Tabcorp Hit With Another Fine in Australia for Violating Betting Regulations
Posted on: October 2, 2023, 03:21h.
Last updated on: October 2, 2023, 01:23h.
Tabcorp is in trouble again with gaming regulators in Australia for failing to comply with established rules of engagement. The gaming operator received a fine in New South Wales (NSW) as September drew to a close, making it two fines in the country in less than a month.
The authority responsible for overseeing liquor and gaming activities in NSW, Liquor and Gaming NSW, had initiated the process against Tabcorp. A judge then signed off on it, agreeing that the regulator’s complaint had merit.
At the center of the complaint is the company’s marketing practices, which have included sending unsolicited marketing material to nonusers in violation of NSW regulations. However, the fine it will have to pay amounts to barely a slap on the wrist.
Better To Ask For Forgiveness Than Permission
Tabcorp recently faced financial penalties from the Victorian Gambling and Casino Control Commission (VGCCC) following a significant system outage during the spring 2020 Carnival. The state requires that the company’s platform maintain uninterrupted access, and it had to pay AUD1 million (US$638,600) to settle the case.
In addition, Victoria’s gaming regulator could be close to settling another case involving Tabcorp’s inability to play by the rules. It could hit the company with a fine of up to AUD698,998 (US$450,644) for allowing a minor to wager on several occasions and at several venues.
Those fines make the latest from Liquor and Gaming NSW seem like nothing.

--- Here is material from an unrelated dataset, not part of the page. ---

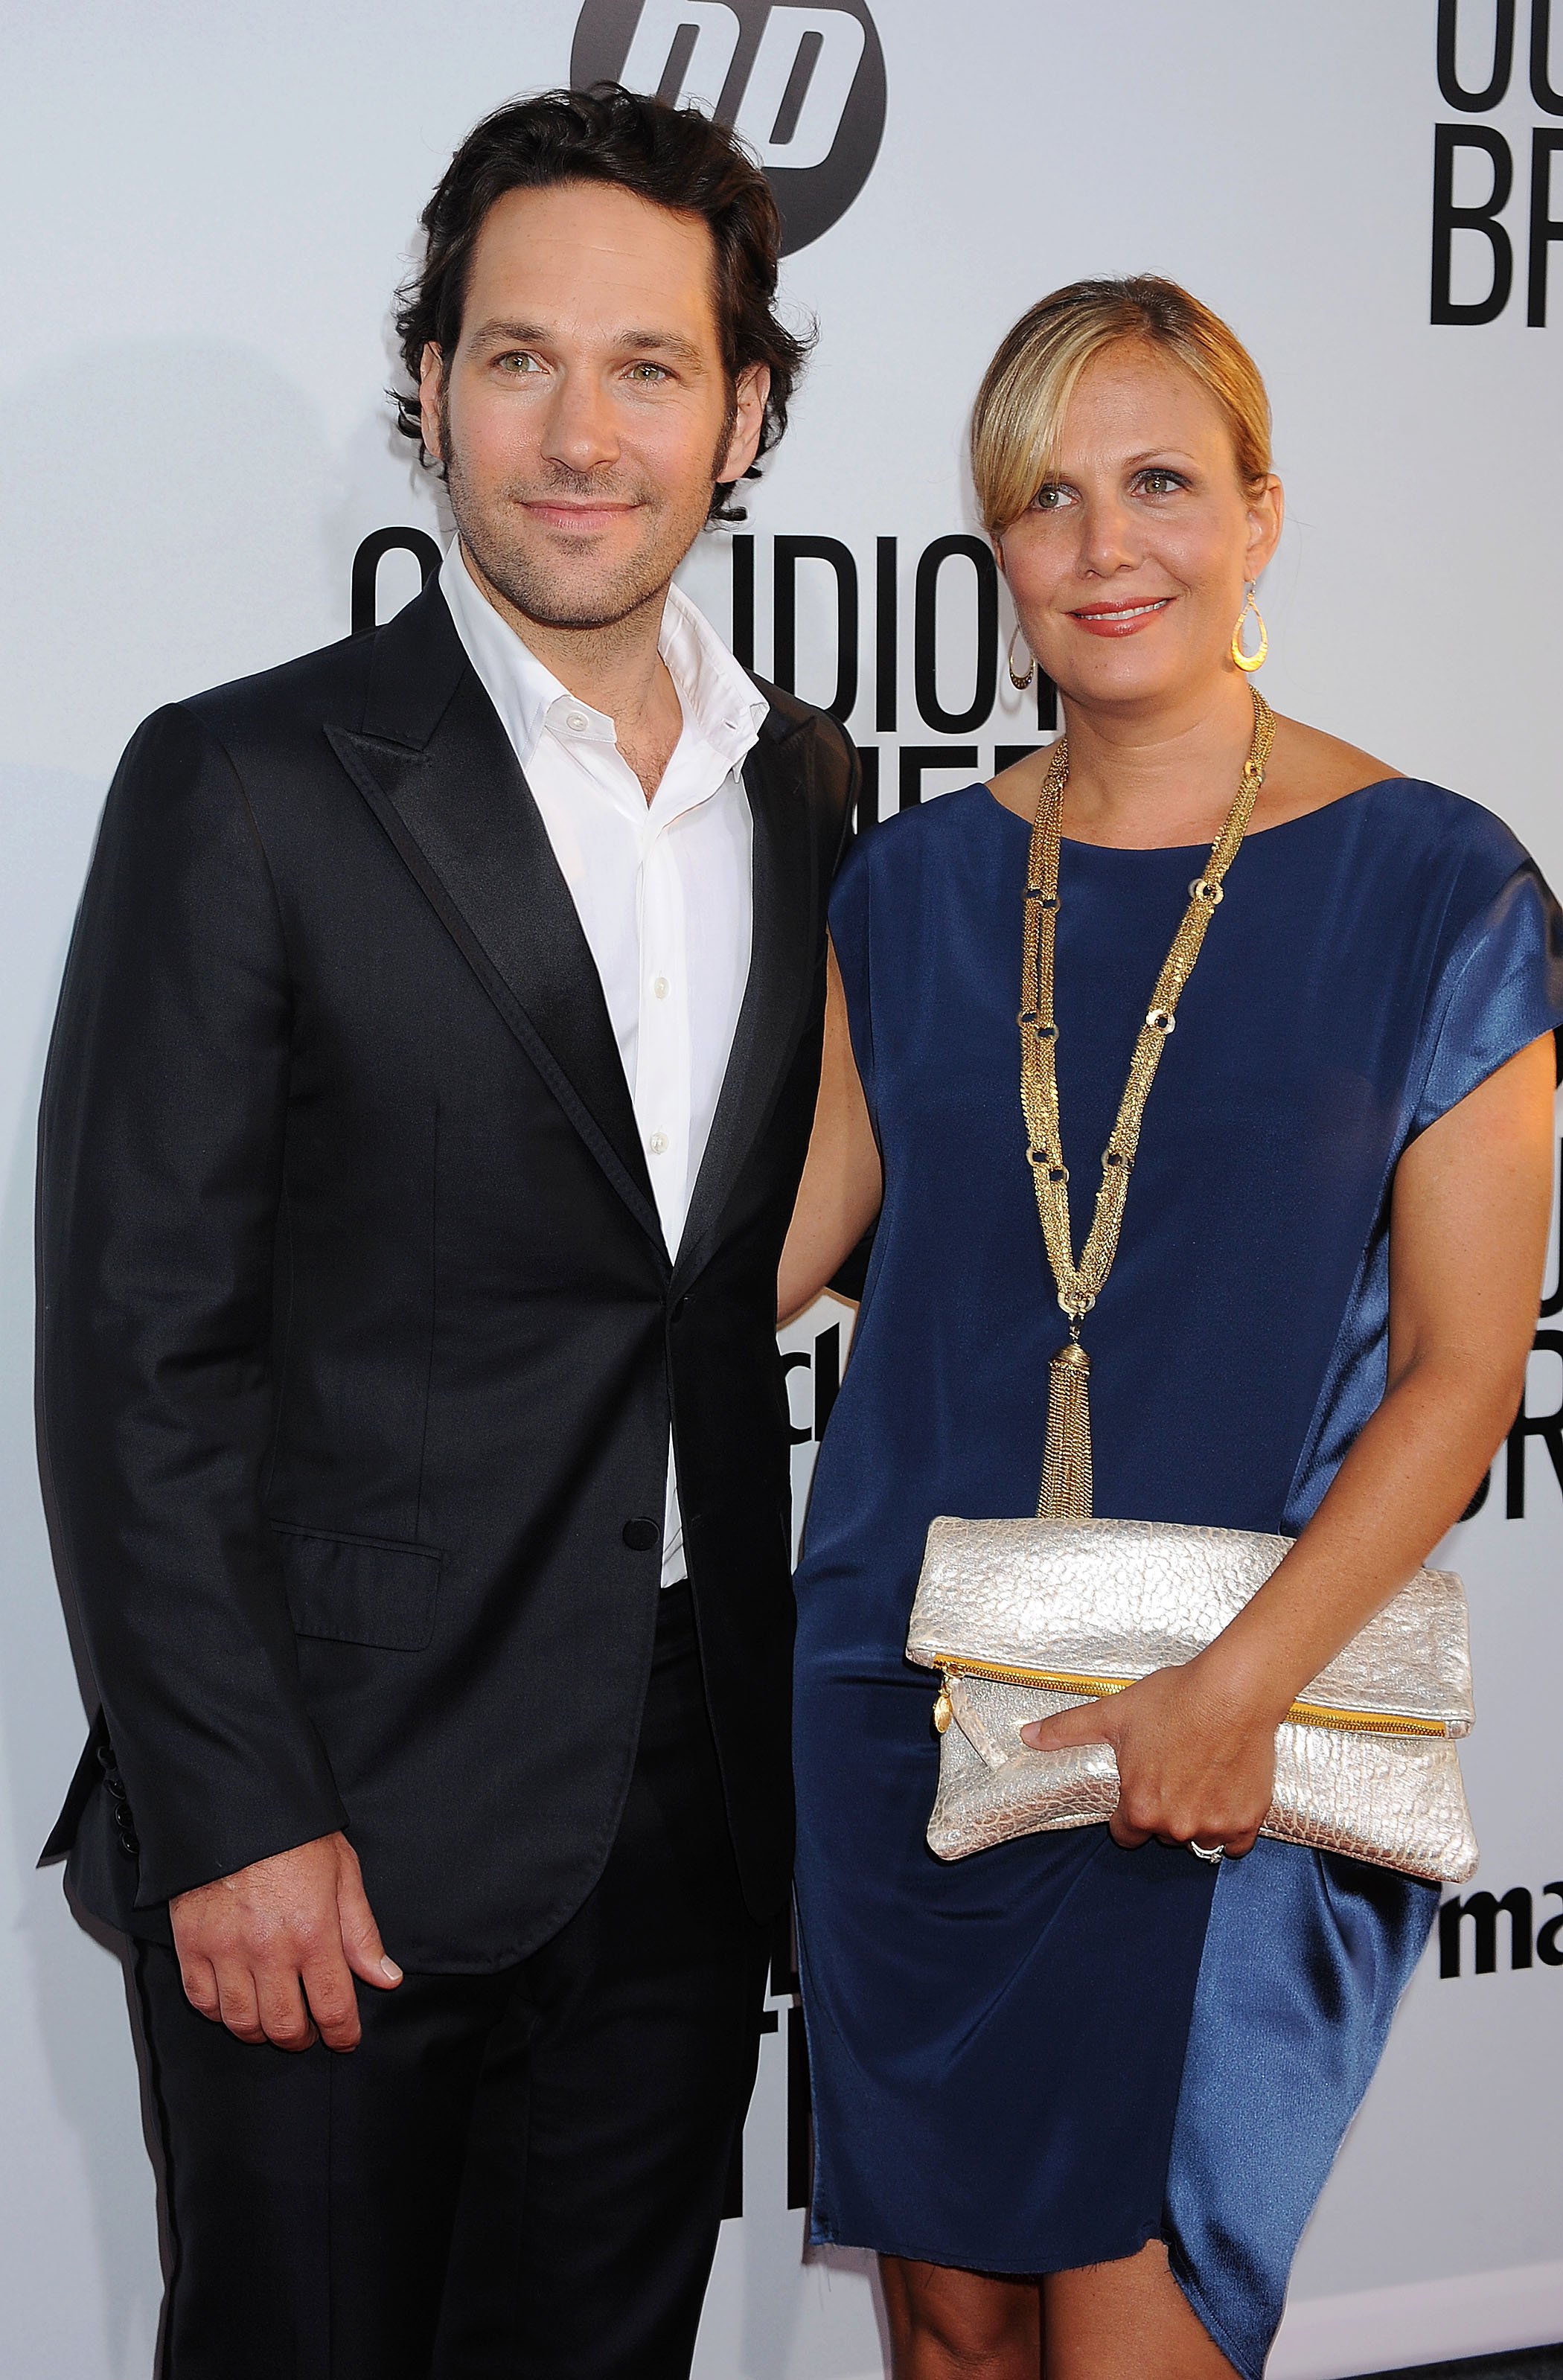 Paul Rudd and his wife Julie Yaeger attend the premiere of "Our Idiot Brother" at ArcLight Hollywood on August 16, 2011, in Hollywood, California. | Source: Getty Images

The regulator is only asking for AUD15,000 (US$9,618).
Tabcorp unleashed a deal via its online gaming portal, enticing gamblers to take advantage of several bonuses. However, perhaps through a mishap within Tabcorp’s internal systems, the deal inadvertently granted access to the website to nonaccount holders. NSW gaming regulations prohibit the marketing of inducements to nonusers.
Only users who have registered with gambling operators and explicitly agreed to receive gambling information are eligible for exclusive gambling promotions. Jane Lin, Liquor and Gaming NSW’s director, said in a statement announcing the fine that Tabcorp, being a major corporation, has an inherent duty to maintain a higher level of vigilance and should have been more responsible with its actions.
Tabcorp Boss Paid Too Much
Perhaps in light of the recent fines, some people believe that Tabcorp CEO Adam Rytenskild is earning too much money. Those people have a lot of sway in how much he makes.
The Australian Shareholders’ Association (ASA) has voiced its concern over what it perceives as excessive compensation for executives at Tabcorp, according to The Australian. The remuneration packages awarded to these executives are deemed disproportionate, prompting the ASA to advise shareholders to vote against the company’s proposed compensation plan.
Rytenskild could earn at least AUD4.5 million (US$2.88 million) in salary and contractual bonuses, according to the media outlet. However, it could swell to as much as AUD6.75 million (US$4.32 million) if he’s able to reach additional goals.
By urging a vote against Tabcorp’s remuneration package, the ASA seeks to influence corporate governance. It also wants to ensure a more equitable alignment between executive compensation and shareholder interests.
In taking this position, the association signals a desire for increased transparency and accountability in corporate decision-making. The ASA believes that Tabcorp directors’ salaries need to be adjusted, since the company spun off The Lottery Corporation last year.
If Tabcorp’s stock price is any indication, shareholders may agree. It was trading at AUD1.11 (US$0.71) on September 4, the highest it’s been in the past month. As of press time, it’s at AUD0.94 (US$0.60), the lowest it has been all year.